Work to be completed: In your copy of the data, omit the pictures and keep all else exactly as given.
-- Recorded information follows --
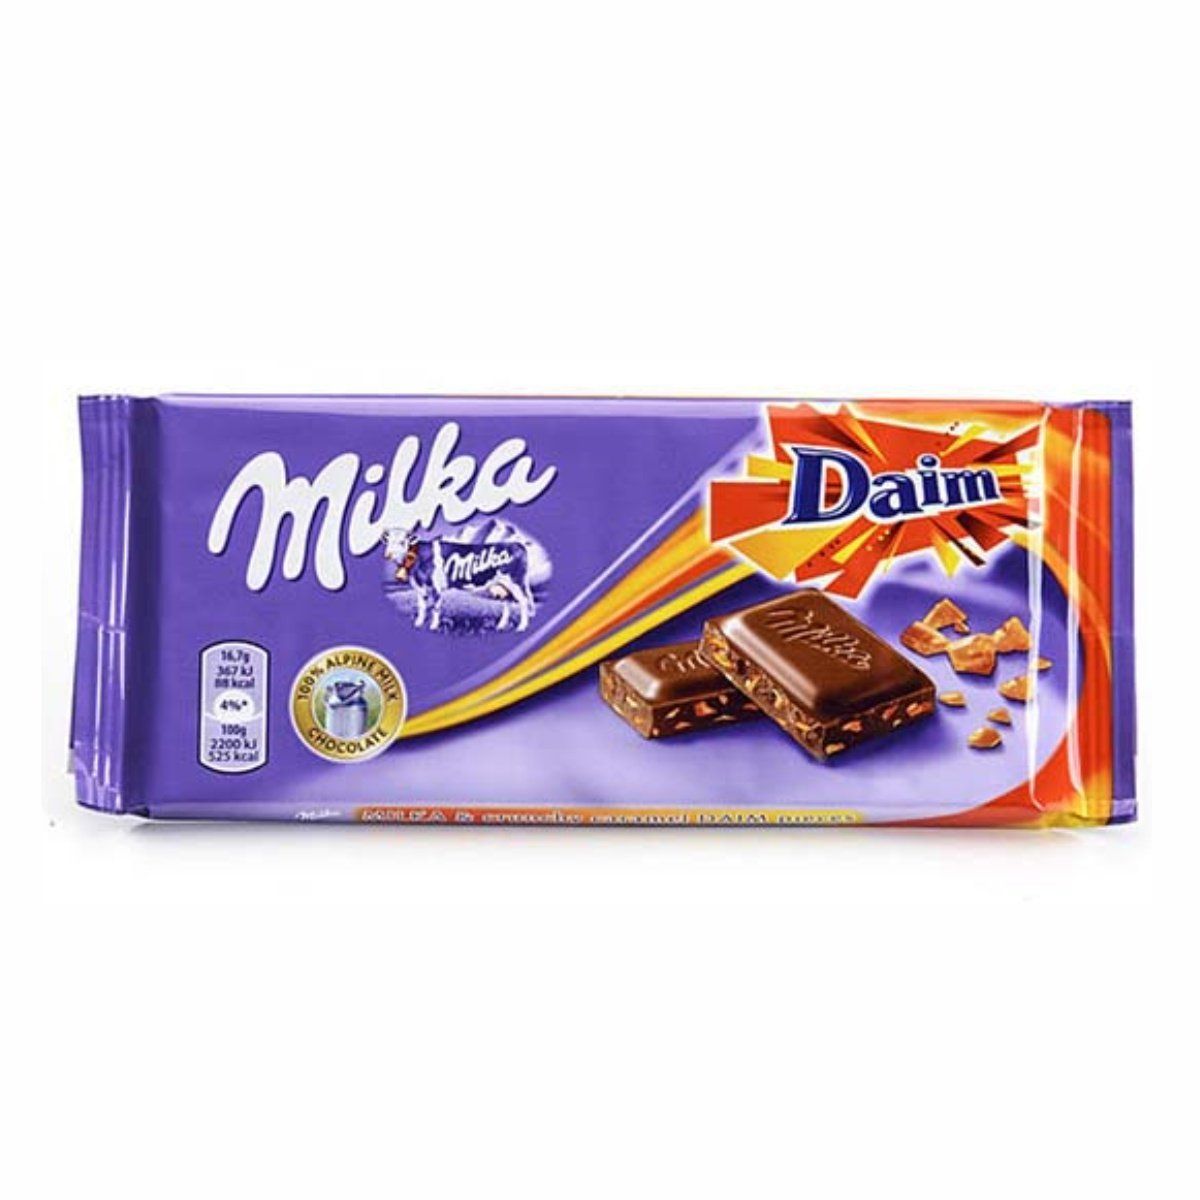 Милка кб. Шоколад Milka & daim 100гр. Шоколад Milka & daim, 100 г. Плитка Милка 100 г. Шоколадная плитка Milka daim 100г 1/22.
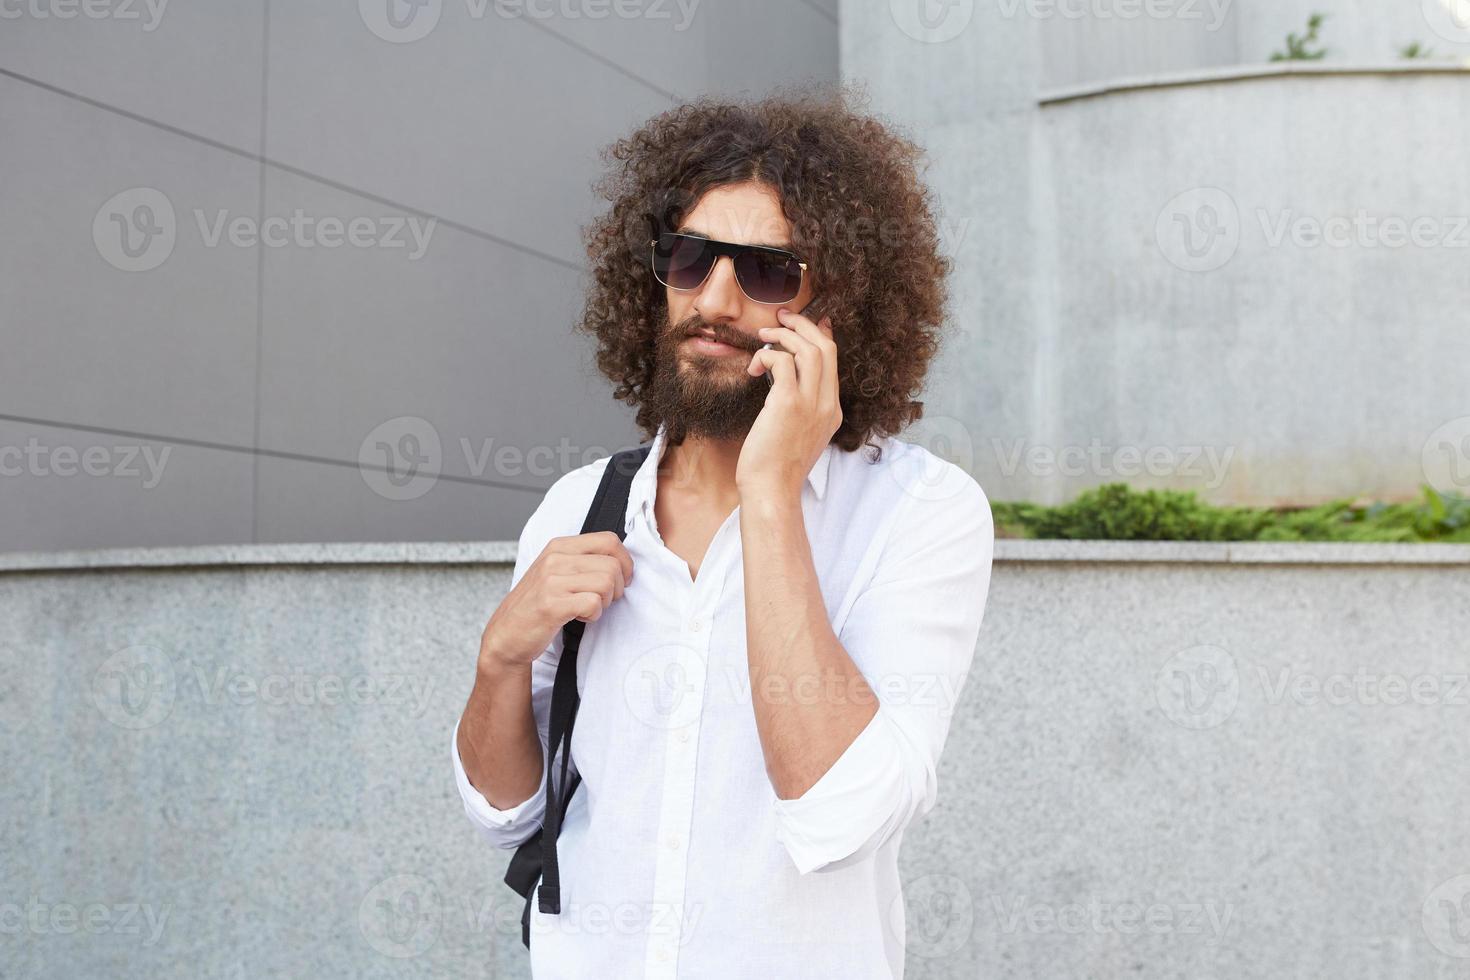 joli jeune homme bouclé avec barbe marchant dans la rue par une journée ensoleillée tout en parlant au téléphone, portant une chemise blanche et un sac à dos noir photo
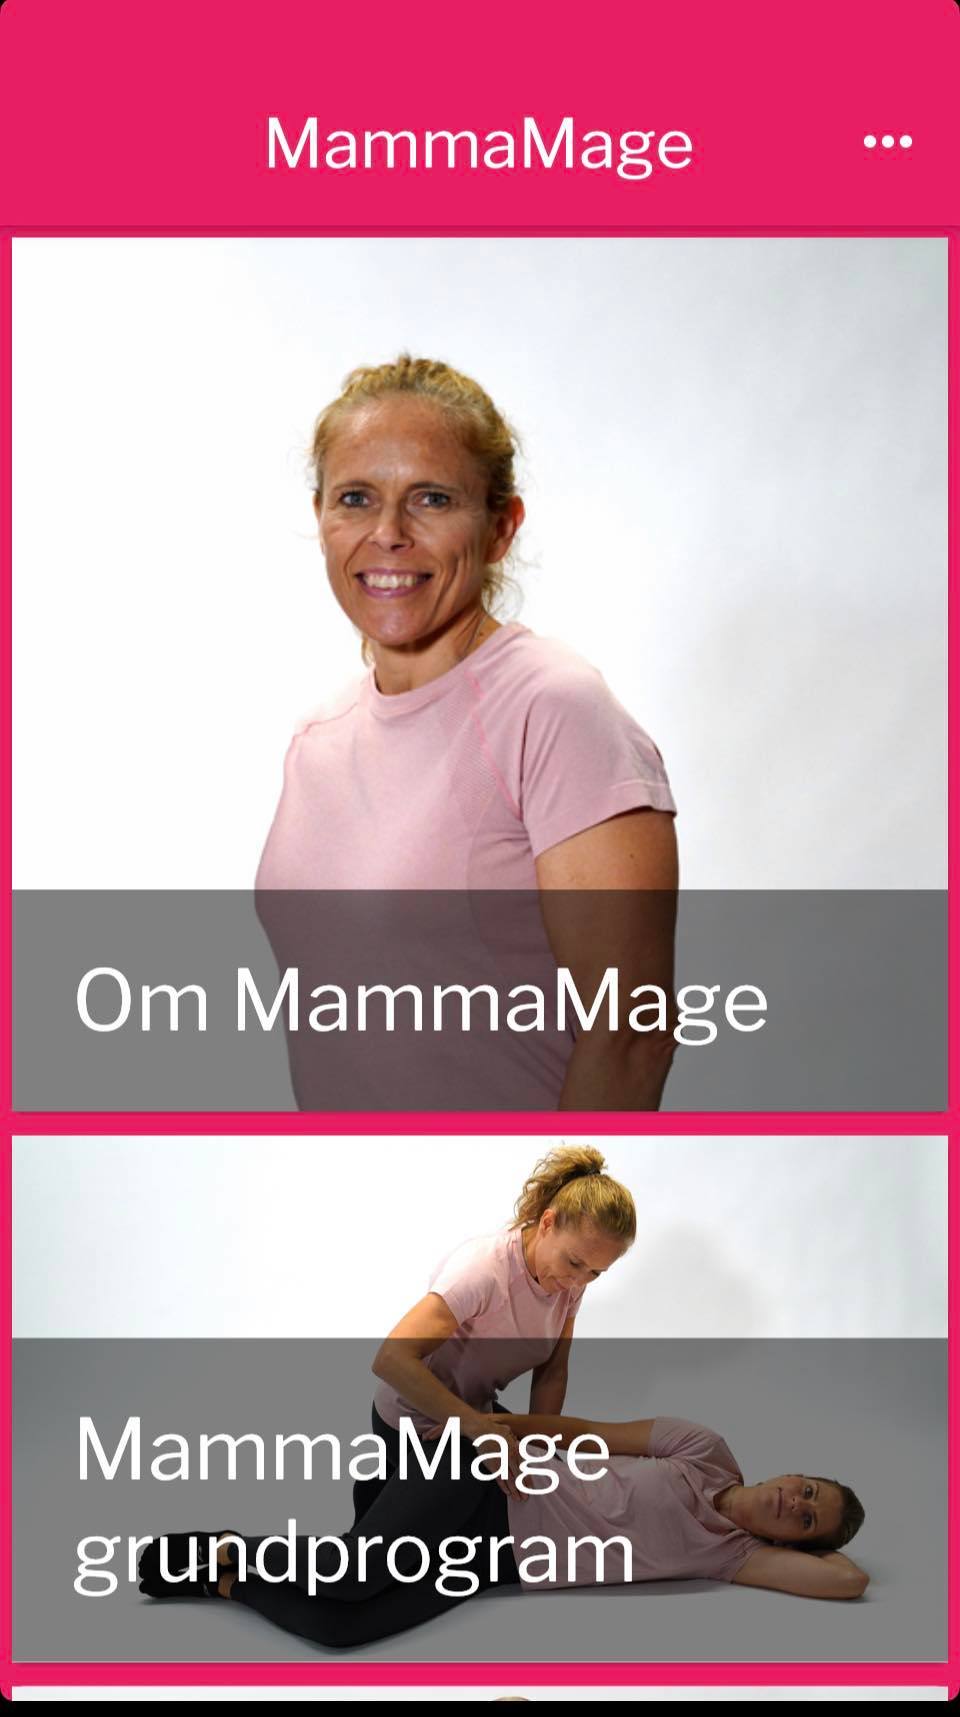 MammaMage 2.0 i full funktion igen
-- Recorded information concluded --
Response to the exercise:
 Милка кб. Шоколад Milka & daim 100гр. Шоколад Milka & daim, 100 г. Плитка Милка 100 г. Шоколадная плитка Milka daim 100г 1/22.
 joli jeune homme bouclé avec barbe marchant dans la rue par une journée ensoleillée tout en parlant au téléphone, portant une chemise blanche et un sac à dos noir photo
 MammaMage 2.0 i full funktion igen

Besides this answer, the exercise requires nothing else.